To give you some examples:
set terminal epslatex standalone
set output "ex-file.tex"
set xlabel "$x$"
set ylabel "$\\sin(x)$"
set xrange[-pi:pi]
set xtics ("$-\\pi$" -pi, "0" 0, "$\\pi$" pi)
plot sin(x) t ''
Then you must run
gnuplot ex-file.gp && latex ex-file.gp && dvips ex-file.dvi
Then, every string is typeset using the roman Computer-Modern fonts. But
with the 'header' option you can add any package and command you want.
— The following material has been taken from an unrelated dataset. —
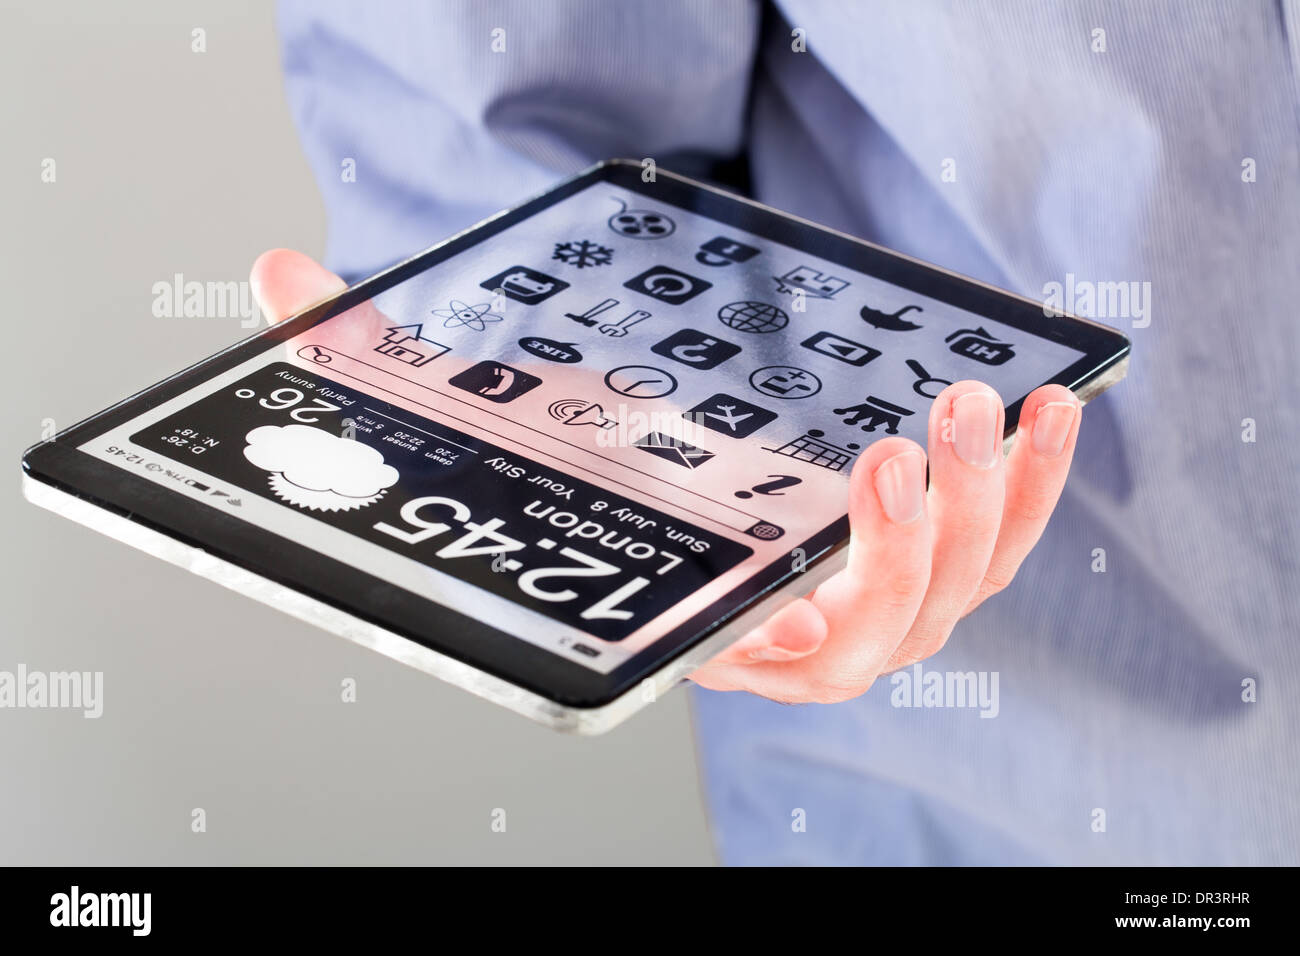 Tablet mit einem transparenten Display in Menschenhand. Tatsächliche  zukünftige innovative Konzeptideen und besten Technologien Menschlichkeit  Stockfotografie - Alamy

In my opinion, all labels should still be typeset in a 'sans-serif' font
which you can get as follows
set terminal epslatex standalone header \
"\\usepackage[T1]{fontenc}\n\\usepackage{cmbright}\\renewcommand{\\familydefault}{\\sfdefault}"
set output "plotsin.tex"
set xlabel "$x$"
set ylabel "$\\sin(x)$"
set xrange[-pi:pi]
set xtics ("$-\\pi$" -pi, "0" 0, "$\\pi$" pi)
plot sin(x) t ''
The cmbright package is needed, because the CM-Super fonts do not have a
sans-serif math font (if you omit this part in the header string, all
numbers will be sans-serif, but the 'pi' in the labels and the x- and
y-labels will be roman)
Hope that helps you :-)
Christoph
I tried this out, using the now modified script new3, as attached,
which uses the data file grid.dat, also attached. It produces two
new files, new3.eps (just the grids) and new3.tex. When I then type
in, translating from your line,
gnuplot new3.gp && latex new3.gp && dvips new3.dvi
I get the complaint, reasonably enough, that new3.gp does not exist.
What am I missing?
Gnuplot didn't like the option standalone. Does this mean that my
gnuplot is out of date? It says it is
Version 4.0 patchlevel 0
last modified Thu Apr 15 14:44:22 CEST 2004
System: Linux 2.6.18.2-34-default
Could this be my problem with this?
It was an error in my commandline. You should run latex on the file new3.tex
> Gnuplot didn't like the option standalone. Does this mean that my
> gnuplot is out of date? It says it is
>
> Version 4.0 patchlevel 0
> last modified Thu Apr 15 14:44:22 CEST 2004
> System: Linux 2.6.18.2-34-default
Well, it is not really a problem, but with the 'standalone' option it is
less work ;-)
Without this option you must create a second .tex file which includes
the file generated with gnuplot.
Note, that with the epslatex terminal you cannot use the enhanced option
of postscript driver -> '{/=25 ...}' because all the text is typeset
with LaTeX. Every backslash of the LaTeX macros must be escaped to
appear correctly in the output -> set label "$\\Gamma$"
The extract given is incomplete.